Eastman’s Brown, who served as moderator of the session, delivered the panel’s final presentation, saying that the company’s structured effort for global manufacturing optimization began a year and a half ago. Eastman looked at emerging technology and challenged the new working group to figure out what it means for the company, he said.
Group members soon found that definitions of new technology sometimes aren’t in agreement, but they believed that inconsistency could indicate opportunity, Brown noted. Although the team has a broad range of experience, they knew they couldn’t speak for all 50 Eastman sites. So they surveyed company employees to discover “pain points” that technology might ease.
Group members believed that inconsistency could indicate opportunity.

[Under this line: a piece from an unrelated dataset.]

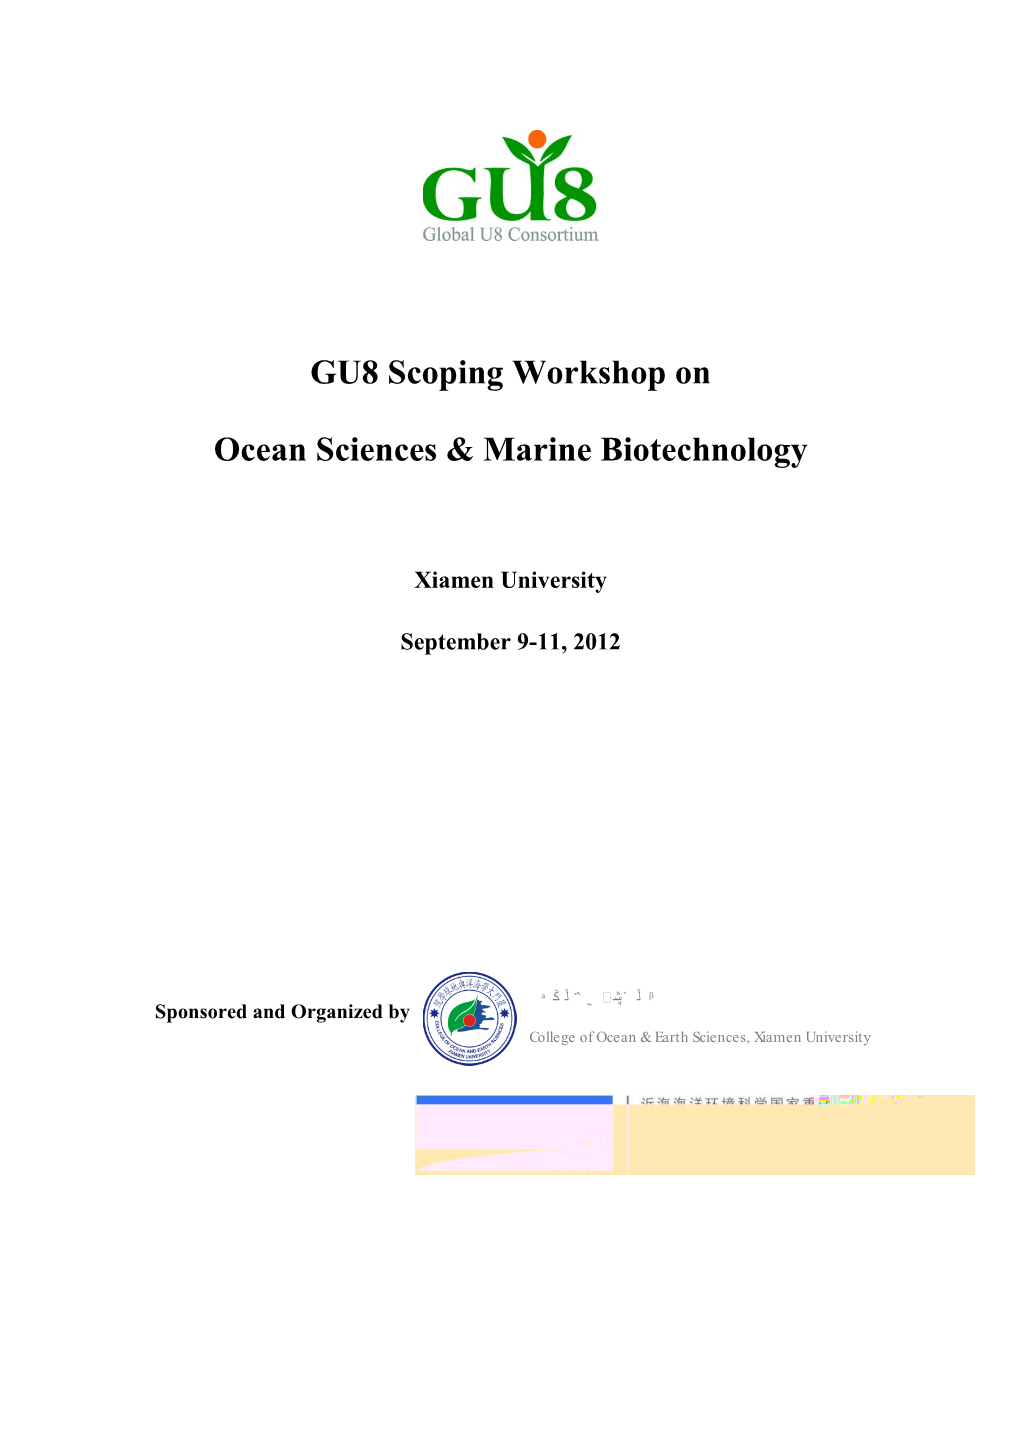 GU8 Scoping Workshop on Ocean Sciences & Marine Biotechnology
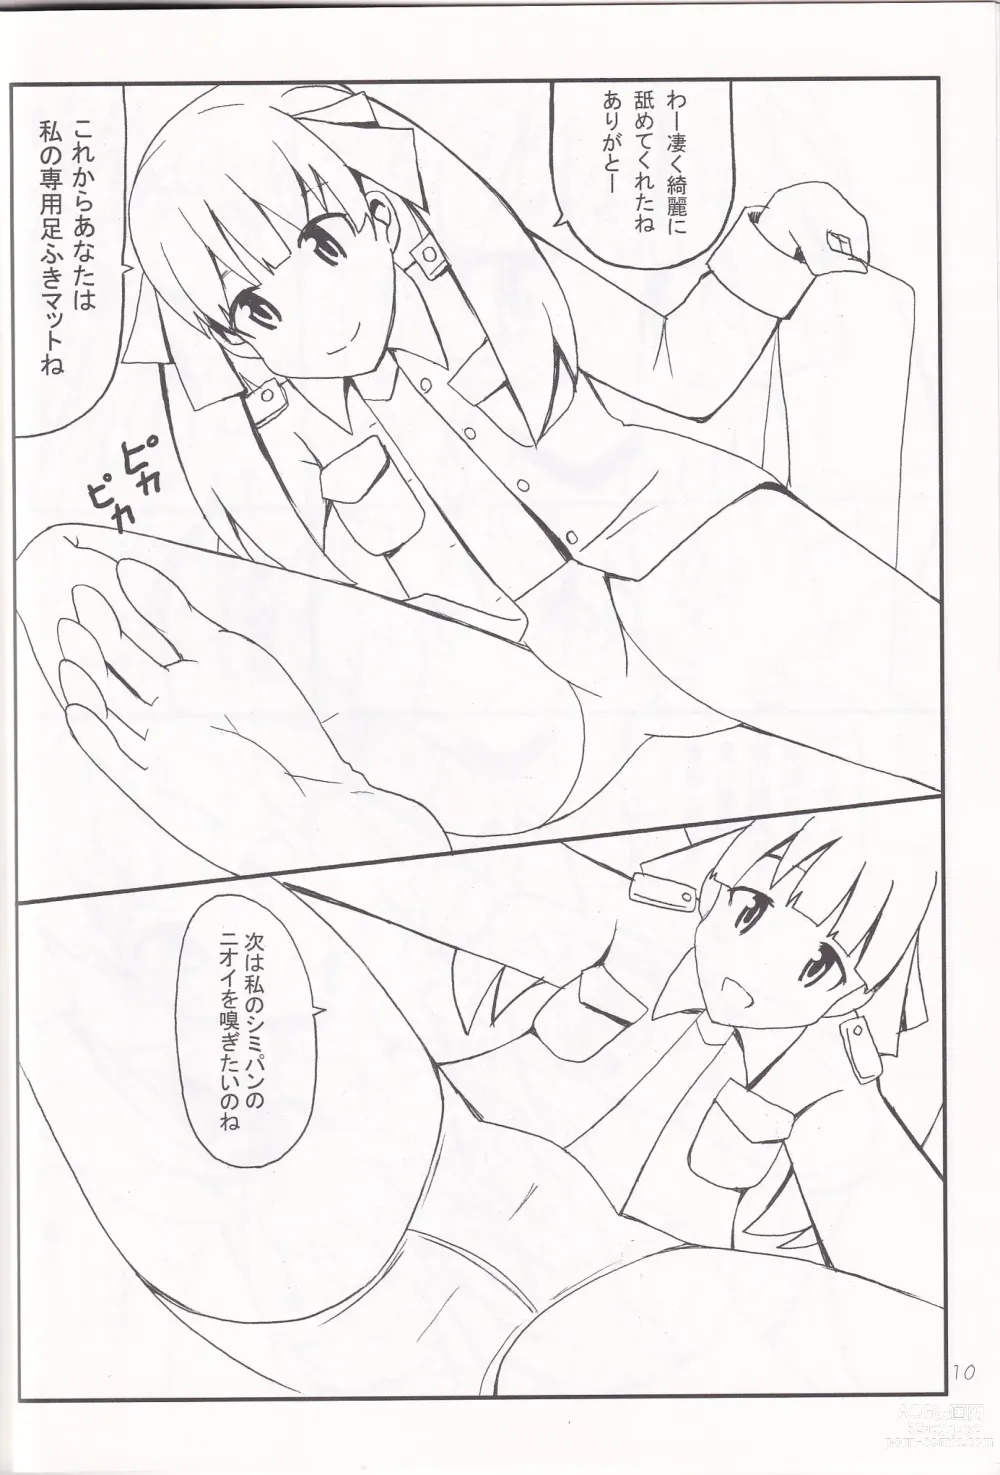 Page 9 of doujinshi Ashi no Ura

Three trends “bubbled to the top” from the survey, Brown continued. First came mobility that could provide data on smartphones, tablets or other devices when and where employees need it. Second, survey respondents wanted “situational awareness” that would tell them at a glance what needs immediate attention and what doesn’t. Third, employees need ways to pass along “tribal” knowledge from one generation to another.
From there, the group developed focus areas that could promote safe and reliable plant operations, Brown continued. Those areas include: mobility; knowledge capture and transfer; manufacturing data capture, storage and retrieval; data visualization analytics, automation and optimization; and business and manufacturing data integration, Brown said. Narrowing the choices to a few areas wasn’t easy, but a longer list would have made focusing more difficult, he noted.
The Eastman team divided itself into sub-groups to study particular focus areas, Brown said. As an example of the findings, he provided a vision statement prepared by the sub-group that researched the area of knowledge capture and transfer. That team described the company’s present state of development as dependence upon static, paper-based type of knowledge transfer.
The goal the group then established was to exchange that for a connected, interactive approach. It would be a change from Microsoft Word documents and hard copies to the electronic tools of a new generation of plant operators. The change promises to make the topic of this panel a reality for Eastman: “Enhancing the Speed and Quality of Decision Making with Digital Transformation.”